Thanks again. So, if it’s all yes, then in practice Gossip is also trying to connect to broken relays, right?
What sort of timeout settings and retry logic does Gossip currently use? nostr:nprofile1qqsyvrp9u6p0mfur9dfdru3d853tx9mdjuhkphxuxgfwmryja7zsvhqpz9mhxue69uhkummnw3ezuamfdejj7qgswaehxw309ahx7um5wghx6mmd9uq3wamnwvaz7tmkd96x7u3wdehhxarjxyhxxmmd9ukfdvuv also mentioned that broken relays aren’t as much of a problem in Amethyst as they are in Haven. I get the feeling that each of us may be handling this differently.
Haven tests relays during startup. It also uses a Penalty Box: if a relay fails to connect, it retries after 30 seconds, and then exponential backoff kicks in. Out of curiosity I put a counter on it, and with my current implementation this meant ~110k failed connection attempts in the first 24 hours after restarting the relay (though as exponential backoff kicks in the number of connections reduce substantially).
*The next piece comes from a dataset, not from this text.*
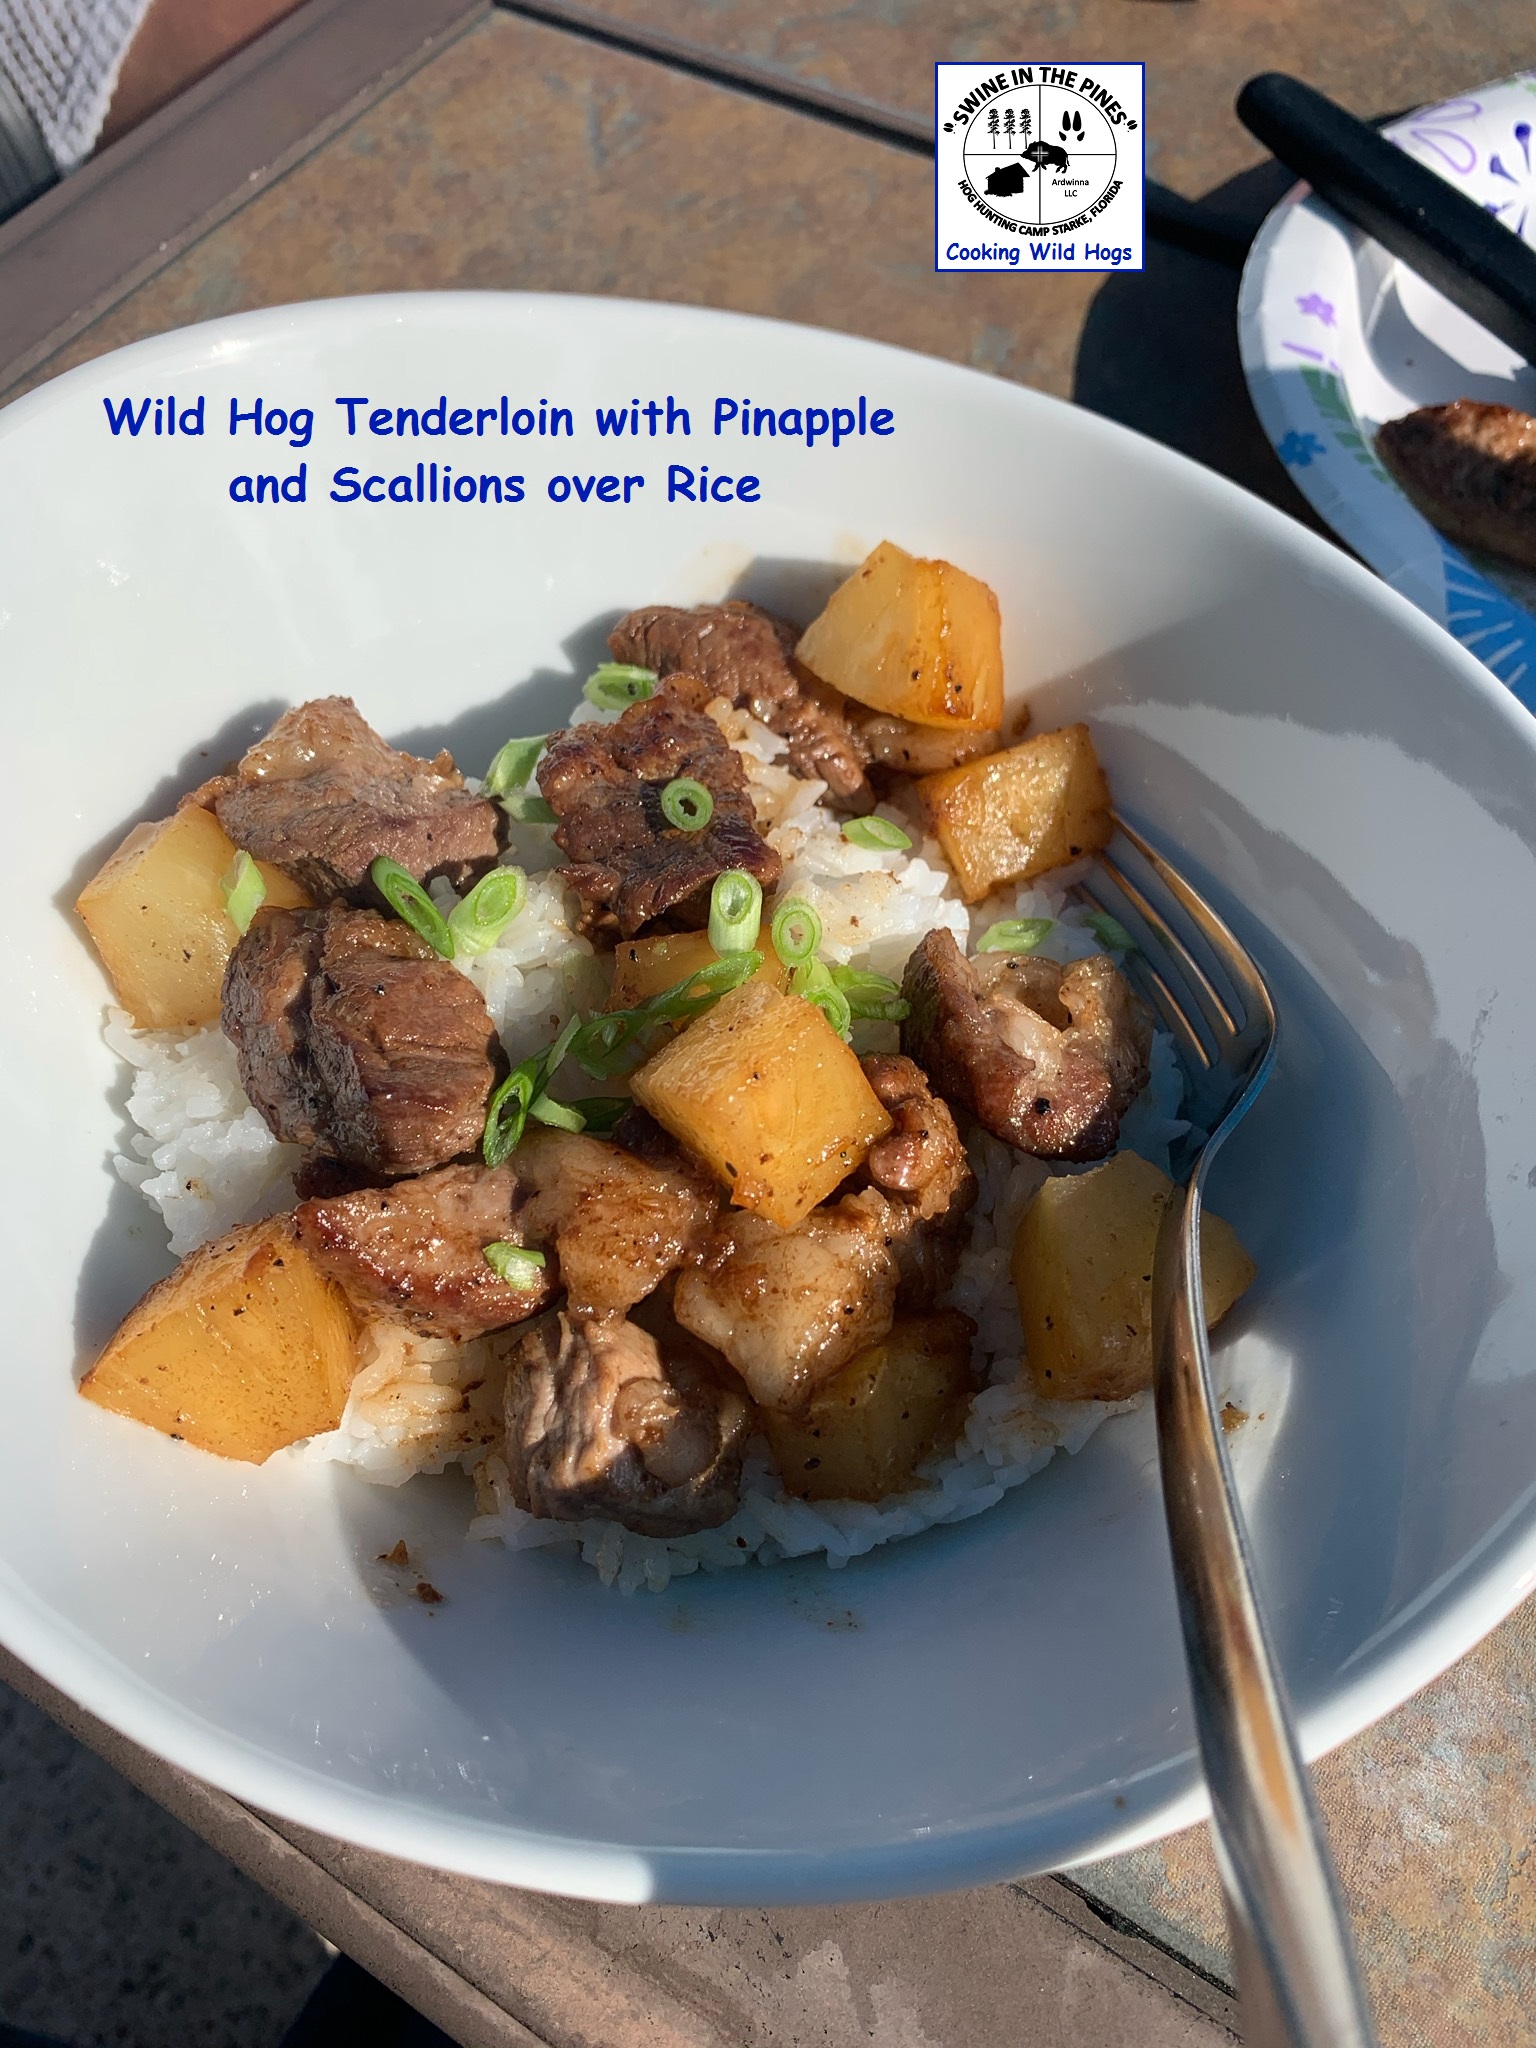 Wild Hog Tenderloin with Pinapple and Scallions over Rice

Of course that I could make the "broken relay detection" converge faster by tweaking exponential backoff, but this also means that the next time that one of the popular arrays go offline Haven will quickly give up on them.
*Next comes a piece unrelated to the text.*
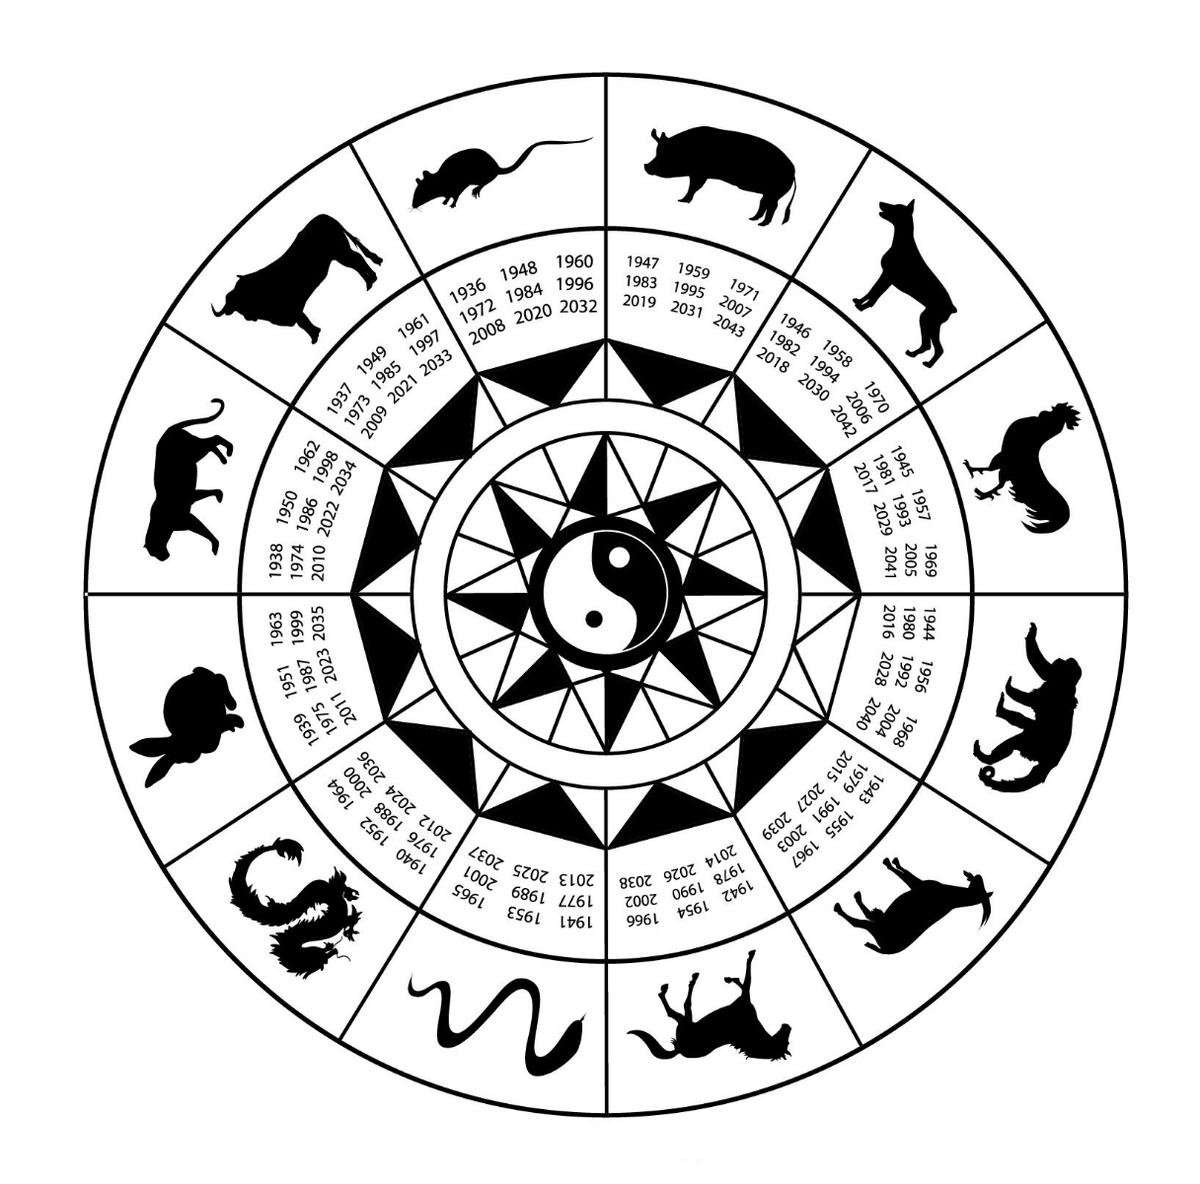 How to Get Along with the Different Lunar Zodiac Signs - Deepstash

This is where a good blacklist could be useful. You can do this without fully trusting the list as well. I.e., if I can use Nosotros list above, still try to connect to all relays during initialisation, but if the connection fails and the relay is in the "black list", then I set a much higher time until reconnect for the exponential backoff algorithm (e.g. 1 hour or even 24 hours). So if the list is wrong or one of the dead relays gets "ressurected" Haven will eventually connect to it, but it makes the whole process much cheaper.